Adversarial attacks with societal impact refer to deliberate manipulations of artificial intelligence systems that exploit their vulnerabilities, leading to significant consequences for society. These attacks can target critical sectors such as healthcare, finance, or transportation, causing misinformation, security breaches, or system failures. The societal impact arises when such attacks undermine public trust, disrupt essential services, or amplify biases, highlighting the urgent need for robust defenses and ethical considerations in AI deployment.
Adversarial attacks with societal impact refer to deliberate manipulations of artificial intelligence systems that exploit their vulnerabilities, leading to significant consequences for society. These attacks can target critical sectors such as healthcare, finance, or transportation, causing misinformation, security breaches, or system failures.
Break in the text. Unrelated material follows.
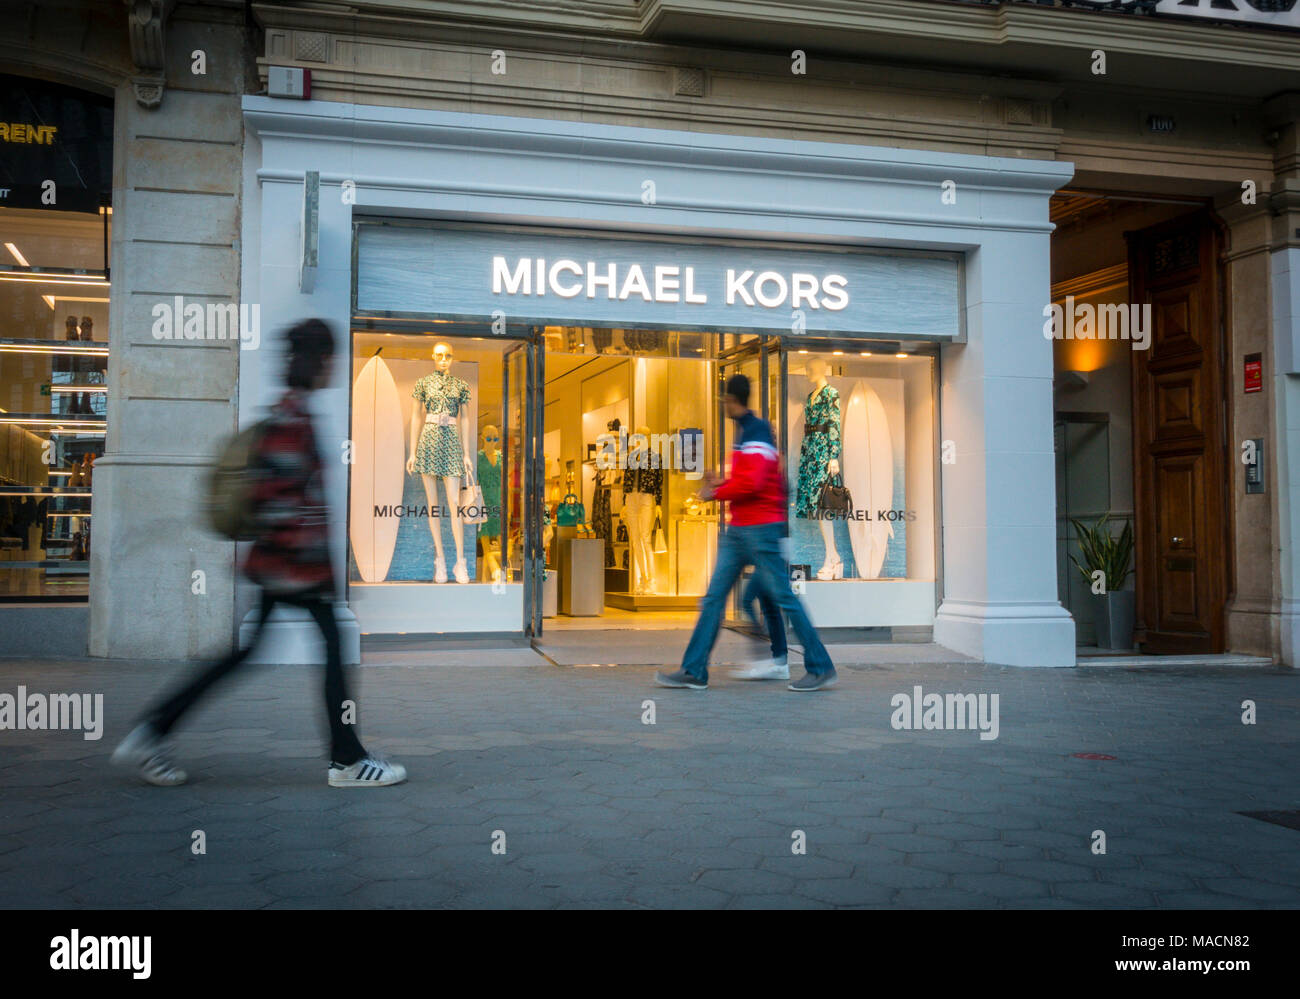 Barcelona, Spain. March 2018: People walking in front of Michael Kors shop  Stock Photo - Alamy

The societal impact arises when such attacks undermine public trust, disrupt essential services, or amplify biases, highlighting the urgent need for robust defenses and ethical considerations in AI deployment.
What are adversarial attacks in AI?
Deliberate inputs or manipulations designed to cause AI systems to behave incorrectly or unsafely, often with subtle changes that humans may not notice.
Why do adversarial attacks have societal impact?
Because AI is used in critical areas (health, finance, transportation, information), failures or manipulations can affect safety, financial stability, privacy, and public trust.
What sectors and harms illustrate potential impact?
Healthcare: misdiagnoses or unsafe treatment suggestions; Finance: manipulated risk scoring or fraud detection; Transportation: unsafe decisions by autonomous systems; Information ecosystems: spread of misinformation or manipulated recommendations.
What techniques do attackers use and how can defenses help?
Techniques include evasion (crafting inputs to fool models), data poisoning (tainting training data), backdoors, and model extraction. Defenses include adversarial training, robust evaluation, input validation, anomaly detection, and governance.
What ethical and governance practices should address societal risk?
Prioritize safety, fairness, accountability, and transparency; involve diverse stakeholders; implement responsible disclosure, ongoing risk assessment, monitoring, and safeguards to prevent dual-use harm.